= Exercise objective =
The records follow. Filter them to the lines that hold "Brandenburg".
**** Records for the exercise ****
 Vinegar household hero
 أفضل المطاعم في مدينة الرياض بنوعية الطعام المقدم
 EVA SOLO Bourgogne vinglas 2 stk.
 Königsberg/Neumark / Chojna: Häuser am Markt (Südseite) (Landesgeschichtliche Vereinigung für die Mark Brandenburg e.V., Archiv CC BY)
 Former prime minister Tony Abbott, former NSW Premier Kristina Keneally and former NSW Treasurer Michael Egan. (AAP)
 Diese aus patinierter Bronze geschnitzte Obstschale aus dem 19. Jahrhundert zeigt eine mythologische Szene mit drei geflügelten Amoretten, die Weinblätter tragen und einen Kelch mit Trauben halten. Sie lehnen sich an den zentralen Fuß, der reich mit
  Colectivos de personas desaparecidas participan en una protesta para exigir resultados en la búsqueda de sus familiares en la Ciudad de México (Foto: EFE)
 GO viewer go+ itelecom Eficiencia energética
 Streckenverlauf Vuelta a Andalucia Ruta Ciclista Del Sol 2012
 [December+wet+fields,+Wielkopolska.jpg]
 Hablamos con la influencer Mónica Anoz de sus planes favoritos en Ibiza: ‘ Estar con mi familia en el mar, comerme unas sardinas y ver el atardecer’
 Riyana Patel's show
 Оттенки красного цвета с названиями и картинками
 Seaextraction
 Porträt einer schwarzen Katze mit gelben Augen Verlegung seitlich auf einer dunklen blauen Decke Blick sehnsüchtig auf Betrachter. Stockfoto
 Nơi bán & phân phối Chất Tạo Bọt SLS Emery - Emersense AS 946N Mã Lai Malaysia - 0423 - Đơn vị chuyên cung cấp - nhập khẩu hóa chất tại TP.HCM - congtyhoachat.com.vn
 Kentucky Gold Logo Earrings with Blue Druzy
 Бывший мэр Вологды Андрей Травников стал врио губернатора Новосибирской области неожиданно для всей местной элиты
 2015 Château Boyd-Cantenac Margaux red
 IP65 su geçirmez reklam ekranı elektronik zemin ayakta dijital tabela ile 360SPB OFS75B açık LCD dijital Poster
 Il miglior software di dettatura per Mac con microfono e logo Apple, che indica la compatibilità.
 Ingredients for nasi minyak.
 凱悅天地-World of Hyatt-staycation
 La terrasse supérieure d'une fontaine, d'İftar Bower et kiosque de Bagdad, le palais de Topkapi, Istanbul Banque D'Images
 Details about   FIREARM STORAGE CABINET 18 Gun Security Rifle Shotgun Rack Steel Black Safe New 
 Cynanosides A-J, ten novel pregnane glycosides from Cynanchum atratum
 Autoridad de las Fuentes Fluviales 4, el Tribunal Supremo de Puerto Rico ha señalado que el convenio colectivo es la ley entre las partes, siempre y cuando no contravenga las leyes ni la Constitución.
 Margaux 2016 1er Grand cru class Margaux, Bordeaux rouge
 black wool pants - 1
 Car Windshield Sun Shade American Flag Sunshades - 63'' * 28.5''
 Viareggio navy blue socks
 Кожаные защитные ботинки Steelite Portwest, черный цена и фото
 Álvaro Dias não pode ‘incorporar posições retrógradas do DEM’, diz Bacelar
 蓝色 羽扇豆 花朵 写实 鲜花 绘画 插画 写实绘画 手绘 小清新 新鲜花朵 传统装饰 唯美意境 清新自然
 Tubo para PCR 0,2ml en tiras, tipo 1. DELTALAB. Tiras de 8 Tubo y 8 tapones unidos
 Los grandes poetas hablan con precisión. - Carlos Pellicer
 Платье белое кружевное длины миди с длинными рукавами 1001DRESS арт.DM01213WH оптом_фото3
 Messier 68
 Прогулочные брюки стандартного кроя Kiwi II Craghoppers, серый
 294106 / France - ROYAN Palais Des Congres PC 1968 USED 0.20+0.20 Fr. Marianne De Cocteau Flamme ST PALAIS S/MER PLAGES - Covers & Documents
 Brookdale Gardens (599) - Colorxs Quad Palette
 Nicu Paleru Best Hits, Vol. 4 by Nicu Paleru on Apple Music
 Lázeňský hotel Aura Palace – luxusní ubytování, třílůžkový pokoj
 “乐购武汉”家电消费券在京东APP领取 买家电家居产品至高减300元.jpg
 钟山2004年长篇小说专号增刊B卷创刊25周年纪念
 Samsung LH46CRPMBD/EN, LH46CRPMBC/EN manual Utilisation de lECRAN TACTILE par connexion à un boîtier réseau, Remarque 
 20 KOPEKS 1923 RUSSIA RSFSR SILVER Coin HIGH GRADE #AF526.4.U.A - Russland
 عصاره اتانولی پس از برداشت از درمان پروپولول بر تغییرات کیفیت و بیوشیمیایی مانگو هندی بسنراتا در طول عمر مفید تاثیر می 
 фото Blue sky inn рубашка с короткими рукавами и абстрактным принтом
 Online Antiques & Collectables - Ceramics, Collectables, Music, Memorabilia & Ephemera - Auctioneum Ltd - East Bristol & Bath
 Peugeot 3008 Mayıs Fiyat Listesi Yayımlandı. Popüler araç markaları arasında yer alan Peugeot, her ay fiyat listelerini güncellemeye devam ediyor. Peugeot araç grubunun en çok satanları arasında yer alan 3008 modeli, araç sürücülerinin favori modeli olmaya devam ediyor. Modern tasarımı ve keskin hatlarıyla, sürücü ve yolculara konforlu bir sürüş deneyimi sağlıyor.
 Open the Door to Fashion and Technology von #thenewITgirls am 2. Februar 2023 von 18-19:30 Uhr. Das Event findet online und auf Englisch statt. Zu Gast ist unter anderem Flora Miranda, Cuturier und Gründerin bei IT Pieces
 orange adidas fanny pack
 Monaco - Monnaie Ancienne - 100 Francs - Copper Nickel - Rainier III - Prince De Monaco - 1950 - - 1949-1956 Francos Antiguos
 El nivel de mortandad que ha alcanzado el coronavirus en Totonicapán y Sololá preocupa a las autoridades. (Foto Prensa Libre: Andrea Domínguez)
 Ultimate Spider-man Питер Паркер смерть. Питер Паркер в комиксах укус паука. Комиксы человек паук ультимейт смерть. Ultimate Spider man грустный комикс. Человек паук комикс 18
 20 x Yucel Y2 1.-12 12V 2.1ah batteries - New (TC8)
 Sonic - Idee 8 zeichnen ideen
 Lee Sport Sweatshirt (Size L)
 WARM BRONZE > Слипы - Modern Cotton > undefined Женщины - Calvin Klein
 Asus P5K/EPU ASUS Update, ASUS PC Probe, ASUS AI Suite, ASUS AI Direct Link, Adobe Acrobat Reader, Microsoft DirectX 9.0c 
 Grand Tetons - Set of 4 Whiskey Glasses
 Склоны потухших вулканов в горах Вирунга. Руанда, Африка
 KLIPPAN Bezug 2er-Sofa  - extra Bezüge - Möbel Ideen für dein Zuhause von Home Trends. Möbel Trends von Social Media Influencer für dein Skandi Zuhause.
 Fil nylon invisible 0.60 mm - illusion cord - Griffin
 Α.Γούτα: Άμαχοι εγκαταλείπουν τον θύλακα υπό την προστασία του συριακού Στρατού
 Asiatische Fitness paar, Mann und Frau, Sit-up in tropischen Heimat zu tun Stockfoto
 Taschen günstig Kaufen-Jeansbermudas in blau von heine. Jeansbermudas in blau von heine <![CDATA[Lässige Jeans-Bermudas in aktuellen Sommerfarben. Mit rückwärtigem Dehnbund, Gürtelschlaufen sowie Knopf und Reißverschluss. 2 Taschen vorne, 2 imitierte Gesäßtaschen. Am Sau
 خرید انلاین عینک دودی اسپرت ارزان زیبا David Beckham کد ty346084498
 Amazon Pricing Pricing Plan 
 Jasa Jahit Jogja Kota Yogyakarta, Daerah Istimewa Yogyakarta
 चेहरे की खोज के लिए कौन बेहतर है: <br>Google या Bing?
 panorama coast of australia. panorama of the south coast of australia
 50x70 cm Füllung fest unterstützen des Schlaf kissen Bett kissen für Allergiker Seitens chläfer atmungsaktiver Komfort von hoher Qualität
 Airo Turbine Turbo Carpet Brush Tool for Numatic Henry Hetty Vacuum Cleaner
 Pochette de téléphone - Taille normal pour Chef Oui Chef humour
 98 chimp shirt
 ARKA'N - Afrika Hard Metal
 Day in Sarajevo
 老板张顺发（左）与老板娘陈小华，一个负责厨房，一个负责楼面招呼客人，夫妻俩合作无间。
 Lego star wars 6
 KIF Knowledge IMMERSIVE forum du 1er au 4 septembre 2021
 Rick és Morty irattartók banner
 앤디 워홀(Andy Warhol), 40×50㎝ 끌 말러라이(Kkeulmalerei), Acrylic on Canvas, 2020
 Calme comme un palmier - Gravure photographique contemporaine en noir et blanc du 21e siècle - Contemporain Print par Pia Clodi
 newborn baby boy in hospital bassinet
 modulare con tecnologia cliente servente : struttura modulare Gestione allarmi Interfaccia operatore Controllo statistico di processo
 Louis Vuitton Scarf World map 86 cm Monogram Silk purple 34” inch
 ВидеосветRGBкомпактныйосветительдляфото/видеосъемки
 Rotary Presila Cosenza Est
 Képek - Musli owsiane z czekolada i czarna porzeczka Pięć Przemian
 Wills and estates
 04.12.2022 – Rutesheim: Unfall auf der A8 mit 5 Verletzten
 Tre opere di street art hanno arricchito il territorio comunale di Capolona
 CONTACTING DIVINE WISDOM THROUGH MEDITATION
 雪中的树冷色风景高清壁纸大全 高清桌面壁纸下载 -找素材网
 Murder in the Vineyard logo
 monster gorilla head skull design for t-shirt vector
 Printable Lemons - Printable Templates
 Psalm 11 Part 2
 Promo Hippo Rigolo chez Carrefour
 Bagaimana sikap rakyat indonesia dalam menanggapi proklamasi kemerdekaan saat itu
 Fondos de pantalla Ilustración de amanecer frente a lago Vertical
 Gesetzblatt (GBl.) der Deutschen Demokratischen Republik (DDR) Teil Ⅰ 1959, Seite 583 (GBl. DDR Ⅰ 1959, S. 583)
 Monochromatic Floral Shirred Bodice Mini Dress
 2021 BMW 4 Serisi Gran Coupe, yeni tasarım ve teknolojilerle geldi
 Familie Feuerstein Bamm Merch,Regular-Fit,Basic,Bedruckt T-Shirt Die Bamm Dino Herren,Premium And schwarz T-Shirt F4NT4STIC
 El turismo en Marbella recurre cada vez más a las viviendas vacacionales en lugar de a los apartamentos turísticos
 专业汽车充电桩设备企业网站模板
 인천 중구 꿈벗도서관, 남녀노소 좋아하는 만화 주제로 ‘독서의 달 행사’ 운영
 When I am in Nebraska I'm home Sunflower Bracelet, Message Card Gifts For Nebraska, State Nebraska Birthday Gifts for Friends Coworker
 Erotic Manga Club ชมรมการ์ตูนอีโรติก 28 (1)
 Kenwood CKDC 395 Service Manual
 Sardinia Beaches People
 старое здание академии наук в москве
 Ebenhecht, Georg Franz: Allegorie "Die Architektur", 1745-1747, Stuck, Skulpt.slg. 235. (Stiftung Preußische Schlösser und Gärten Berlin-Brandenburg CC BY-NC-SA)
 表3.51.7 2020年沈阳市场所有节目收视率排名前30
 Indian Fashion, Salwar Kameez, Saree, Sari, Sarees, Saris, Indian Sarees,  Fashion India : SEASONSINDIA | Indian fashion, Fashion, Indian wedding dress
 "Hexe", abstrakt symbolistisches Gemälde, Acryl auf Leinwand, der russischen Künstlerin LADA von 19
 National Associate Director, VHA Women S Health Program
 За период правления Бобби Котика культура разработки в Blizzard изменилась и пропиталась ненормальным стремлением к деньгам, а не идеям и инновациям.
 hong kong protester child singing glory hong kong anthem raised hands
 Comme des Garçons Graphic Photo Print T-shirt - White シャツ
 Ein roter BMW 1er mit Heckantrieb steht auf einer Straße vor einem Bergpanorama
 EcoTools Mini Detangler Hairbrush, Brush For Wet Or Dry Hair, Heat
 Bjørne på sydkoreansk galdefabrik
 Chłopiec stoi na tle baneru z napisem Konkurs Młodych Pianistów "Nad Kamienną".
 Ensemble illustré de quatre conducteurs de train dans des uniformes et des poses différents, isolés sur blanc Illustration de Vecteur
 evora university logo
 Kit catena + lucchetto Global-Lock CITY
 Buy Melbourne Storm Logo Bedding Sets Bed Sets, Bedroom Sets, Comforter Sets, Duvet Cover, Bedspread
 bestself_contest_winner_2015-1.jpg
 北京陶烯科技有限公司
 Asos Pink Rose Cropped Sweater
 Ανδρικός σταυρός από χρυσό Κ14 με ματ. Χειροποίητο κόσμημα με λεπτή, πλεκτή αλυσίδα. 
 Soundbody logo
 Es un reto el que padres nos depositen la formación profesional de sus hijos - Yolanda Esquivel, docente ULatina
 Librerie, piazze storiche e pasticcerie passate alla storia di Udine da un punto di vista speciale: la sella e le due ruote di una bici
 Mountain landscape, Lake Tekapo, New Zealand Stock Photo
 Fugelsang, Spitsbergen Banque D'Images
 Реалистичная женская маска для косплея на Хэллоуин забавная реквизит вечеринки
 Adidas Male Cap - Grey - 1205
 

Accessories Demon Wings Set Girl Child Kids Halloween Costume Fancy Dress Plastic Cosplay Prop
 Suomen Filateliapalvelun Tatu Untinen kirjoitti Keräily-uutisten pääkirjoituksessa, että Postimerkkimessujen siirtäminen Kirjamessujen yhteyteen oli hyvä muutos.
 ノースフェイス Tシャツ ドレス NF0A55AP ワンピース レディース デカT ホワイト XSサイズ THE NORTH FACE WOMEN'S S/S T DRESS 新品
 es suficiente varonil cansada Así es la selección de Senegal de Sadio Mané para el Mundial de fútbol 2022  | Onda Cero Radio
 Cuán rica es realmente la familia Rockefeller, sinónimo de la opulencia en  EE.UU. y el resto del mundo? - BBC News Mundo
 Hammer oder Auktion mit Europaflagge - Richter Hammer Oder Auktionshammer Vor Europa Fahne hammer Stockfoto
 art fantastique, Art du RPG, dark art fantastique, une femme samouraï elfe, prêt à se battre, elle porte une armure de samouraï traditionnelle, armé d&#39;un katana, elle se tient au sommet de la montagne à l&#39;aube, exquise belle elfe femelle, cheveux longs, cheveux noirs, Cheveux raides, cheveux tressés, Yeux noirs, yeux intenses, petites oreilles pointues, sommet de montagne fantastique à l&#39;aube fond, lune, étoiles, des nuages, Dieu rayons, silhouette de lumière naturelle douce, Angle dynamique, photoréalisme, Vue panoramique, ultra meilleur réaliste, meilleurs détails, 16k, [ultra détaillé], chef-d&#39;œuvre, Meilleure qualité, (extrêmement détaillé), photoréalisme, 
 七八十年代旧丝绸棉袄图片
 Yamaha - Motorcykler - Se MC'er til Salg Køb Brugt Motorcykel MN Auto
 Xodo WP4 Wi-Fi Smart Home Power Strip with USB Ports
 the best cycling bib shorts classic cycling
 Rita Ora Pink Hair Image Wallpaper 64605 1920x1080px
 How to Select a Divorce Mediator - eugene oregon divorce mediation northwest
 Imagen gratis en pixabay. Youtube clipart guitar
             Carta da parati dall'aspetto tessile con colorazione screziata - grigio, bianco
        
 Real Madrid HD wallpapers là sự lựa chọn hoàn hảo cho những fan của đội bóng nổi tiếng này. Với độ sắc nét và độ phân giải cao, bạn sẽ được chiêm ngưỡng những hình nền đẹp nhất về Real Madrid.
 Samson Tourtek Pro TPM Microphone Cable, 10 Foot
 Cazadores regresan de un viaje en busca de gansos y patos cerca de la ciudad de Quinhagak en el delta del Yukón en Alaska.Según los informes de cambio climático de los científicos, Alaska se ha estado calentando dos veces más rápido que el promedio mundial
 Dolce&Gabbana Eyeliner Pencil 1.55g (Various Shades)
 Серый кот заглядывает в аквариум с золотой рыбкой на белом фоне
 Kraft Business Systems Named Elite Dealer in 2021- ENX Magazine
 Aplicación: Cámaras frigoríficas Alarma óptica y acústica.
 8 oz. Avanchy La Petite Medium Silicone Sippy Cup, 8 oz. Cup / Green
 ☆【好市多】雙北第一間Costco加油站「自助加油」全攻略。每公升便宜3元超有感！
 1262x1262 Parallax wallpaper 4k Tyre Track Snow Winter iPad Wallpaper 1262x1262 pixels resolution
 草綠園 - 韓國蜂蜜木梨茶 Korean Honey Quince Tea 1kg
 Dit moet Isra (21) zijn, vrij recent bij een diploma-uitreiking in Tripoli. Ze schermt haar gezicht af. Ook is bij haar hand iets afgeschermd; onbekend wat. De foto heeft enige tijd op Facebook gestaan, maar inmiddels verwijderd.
****
= Response for this exercise =
 Königsberg/Neumark / Chojna: Häuser am Markt (Südseite) (Landesgeschichtliche Vereinigung für die Mark Brandenburg e.V., Archiv CC BY)
 Ebenhecht, Georg Franz: Allegorie "Die Architektur", 1745-1747, Stuck, Skulpt.slg. 235. (Stiftung Preußische Schlösser und Gärten Berlin-Brandenburg CC BY-NC-SA)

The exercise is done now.